Но с ними было легче. Они были живые люди. Их глаза блестели, они пили вино, они презирали смерть и не боялись ее.

Около полуночи стали расходиться. Саблин пошел к себе. Ему надо было проходить мимо избы, где лежал Корф. Окна мутно и ровно светились. Занавески были спущены. Саблина потянуло взглянуть на покойника. Он вошел в избу. Барон Корф, важный и величавый, лежал одетый в парадную форму, в белом глазетовом гробу. Тускло горели высокие свечи. Белые руки были сложены на груди. Цветы лежали подле гроба. Два рослых унтер-офицера часовых с винтовками за плечами и с обнаженными шашками, неподвижно висящими на левой руке, стояли по обеим сторонам гроба. На той самой койке, на которой он застрелился, неподвижно сидела маленькая седая старушка в черном платье. Голова ее тряслась. Она плакала.

Это была мать Корфа.

В избе было тихо. Чтец еще не пришел. Наплывший на свечу воск оборвался и упал, и Саблин вздрогнул от этого шума.

Старушка тихо, неутешно плакала. Саблин смотрел на нее. Если бы тогда, когда потребовал себе револьвер этот юноша, он подумал о ней. О! Почему он не подумал?!

Опять, как после Ходынки, возмутилась против Бога его душа. Зачем, зачем столько горя ей, старой и одинокой?

Сердце щемило от боли, глаза щипало. Саблин не мог больше выносить этого безысходного материнского горя и тихонько, стараясь не звенеть шпорами, вышел из комнаты.

Дома он застал только что проснувшегося Ротбека. Он пил чай, смотрел мутными глазами на Саблина и, увидев его, сказал:

- А знаешь, Саша, я все-таки осилю этого генерала Пуфа. Не этот, так другой раз!

Он еще ничего не знал о самоубийстве Корфа. Он проспал его, а тогда в собрании ничего не понял.

XLVIII

Маруся написала письмо Саблину. Она хотела видеть Государя Императора и проверить все то, что о нем говорил Саблин. "Будет заря с церемонией и концерт на воздухе, - писала Маруся, - говорят, что туда пускают и постороннюю публику по билетам. Если это нетрудно устроить, достаньте мне билет и оставьте его у швейцара дома г-жи Мартовой. Я буду вам очень благодарна. После поговорим, поделимся впечатлениями".

- Простила! Простила! - чуть не громко кричал Саблин, читая эту записку. На заре, после зари он увидится с нею, переговорит и все выяснит. Устроить билет было нетрудно, и Саблин в радостном волнении прожил те две недели, которые отделяли его от дня, назначенного для высочайшего объезда лагеря и "зари с церемонией".

Утро этого дня было еще туманное, но уже с 10-ти часов засветило яркое солнце, стало жарко, глинистые дороги заблестели, как стальные, и стали быстро просыхать. Вечер обещал быть великолепным.

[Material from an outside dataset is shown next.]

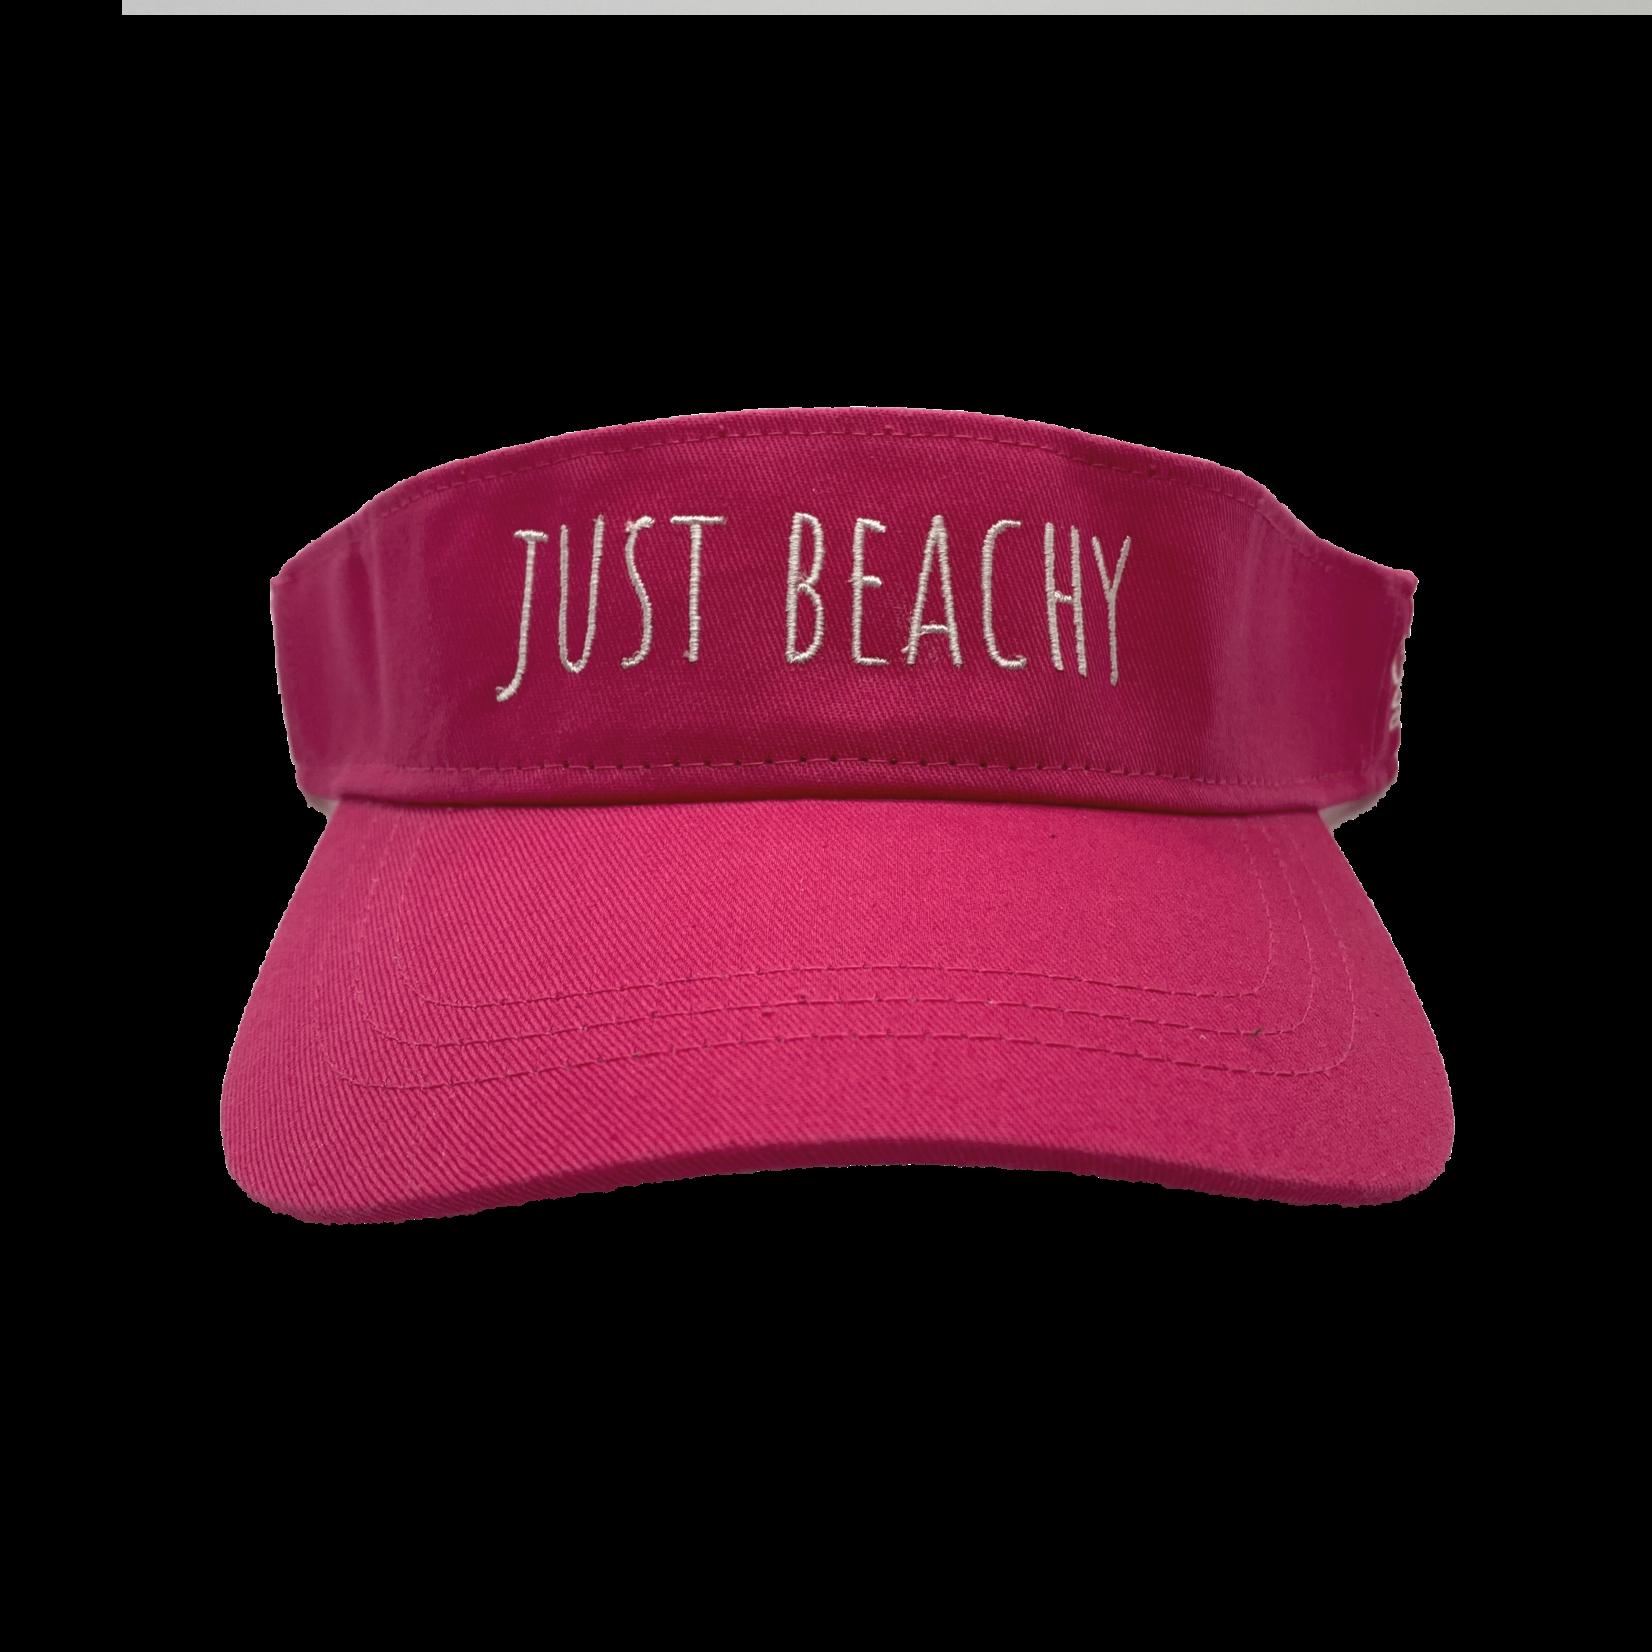 Just Beachy Visor

На правом фланге главного лагеря, где в квадратных домиках-палатках стоит гвардия, на том месте, где Царскосельское шоссе пересекает переднюю линейку, у левого фланга Л.-гв. Семеновского полка, возле церкви была построена неуклюжая дощатая трибуна для музыкантов и рядом с нею трибуна поменьше для публики. Против них, возле березовой рощи была уже за неделю поставлена тройная интендантская палатка; валик, на котором она стояла, был выложен свежим дерном и кругом посажены цветы. Подле было небольшое место, отгороженное веревками и предназначавшееся для публики почище. Сюда пускали по особым малинового цвета билетам. Такой билет и достал Саблин для Маруси.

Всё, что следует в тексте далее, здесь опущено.